N. Jonas Englund · Painter

About the Materials

PHOTOMONTAGE FROM STUDIO

I believe there is an intrinsic value in depicting subject matters using a proven craft-based painting tradition. I mainly utilize Baroque chiaroscuro techniques, a traditional oil painting method in multiple translucent layers. To work in a representational artform is exiting. It differs from photography, in that it can enhance selected parts, light and focus, precisely where needed. The world can be reconstructed in the way it is experienced, rather than simply recorded in the way it appears. It can, in that sense, become more “real” than reality itself.

In this pursuit of the sublime, as it were, art materials can play a significant role. Variations in properties of various pigments can project colors, with seemingly, an inner light. A glowing effect that reflect through thin glazes, creating a vivid sense of depth. Consequently, the choice of medium becomes pivotal, since the optical brilliance relies heavily on the properties of the oil.
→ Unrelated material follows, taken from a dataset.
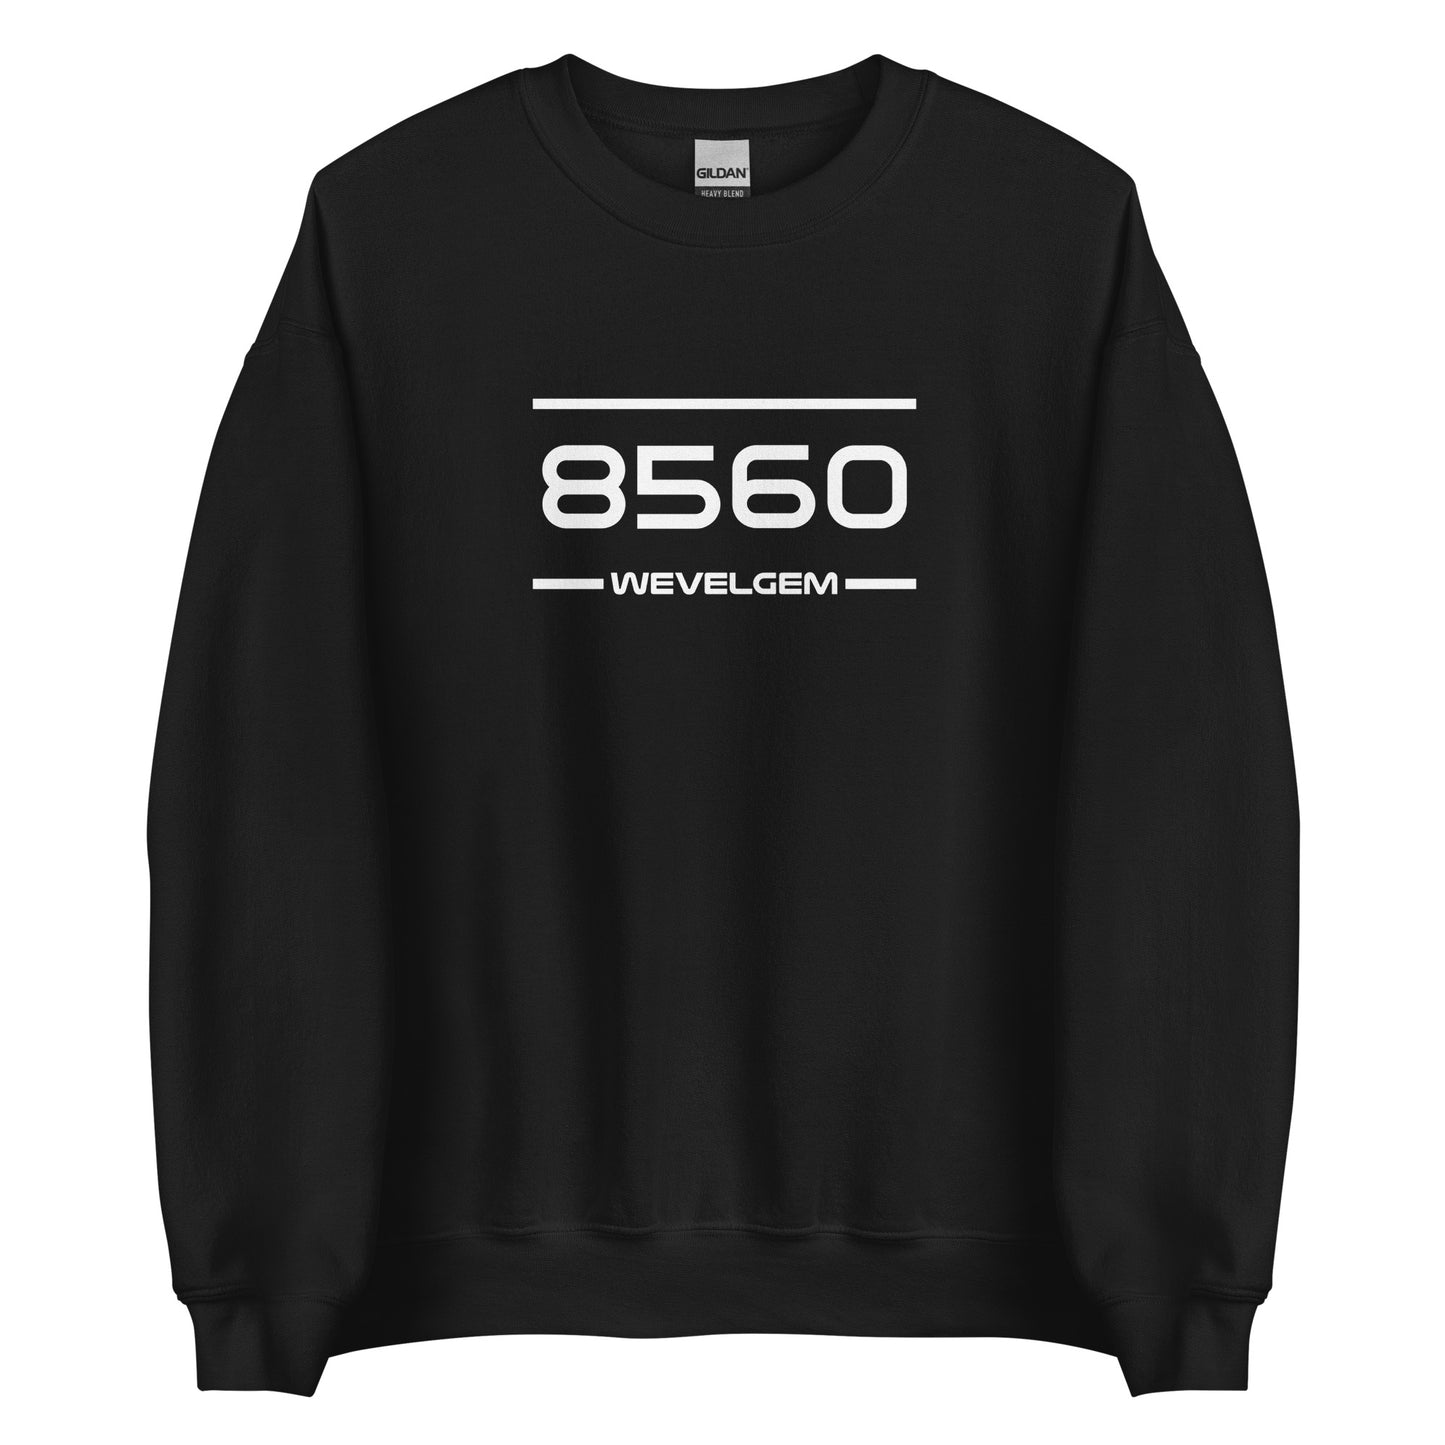 Sweater - 8560 - Wevelgem (M/V)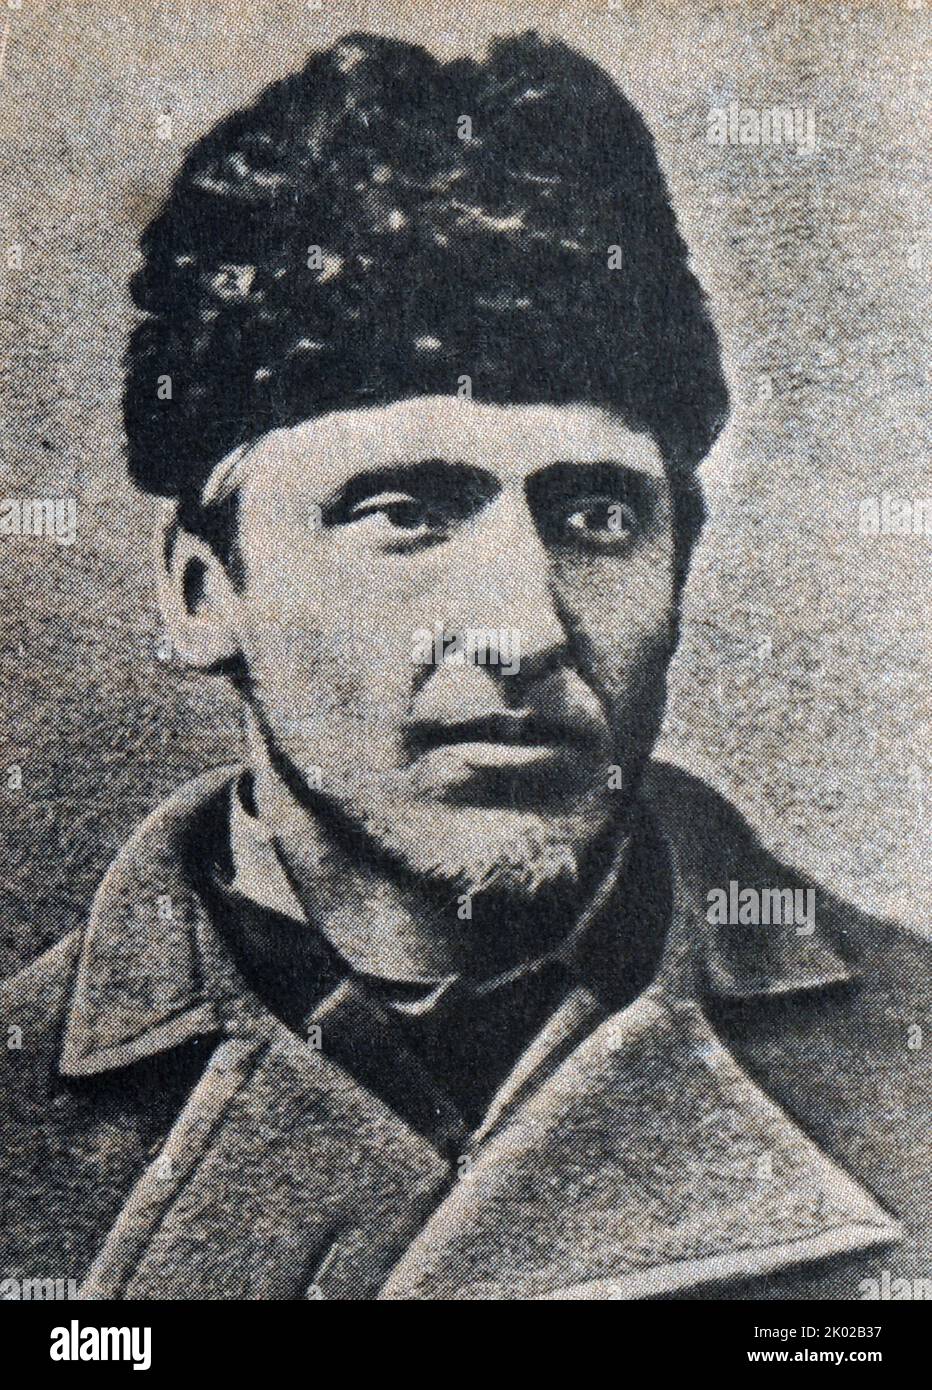 Ludwig Varynsky (1856-1889). Révolutionnaire polonais, fondateur du parti prolétariat. Arrêté en 1883 et condamné à la prison à vie. Il est mort à la prison de Shlisselburg. Banque D'Images

Factory refined linseed oil, used in contemporary tube paints and painting mediums, lack many of the qualities we see in works painted in pre-industrial times.

It is hard to find written accounts of methods used by Masters of old. They guarded their professional secrets carefully and rarely put anything on paper. However, though experimentation, diligent research, and selected source materials, I have managed to recreate historical artists’ materials, mostly through manual production methods. Beside the superior permanency — a visit to any reputable art museum will make that apparent — this also facilitates working in an environmentally sound way, without the necessity for nocuous solvents. This, provided that one avoid the more toxic pigments painters of the past often depended on.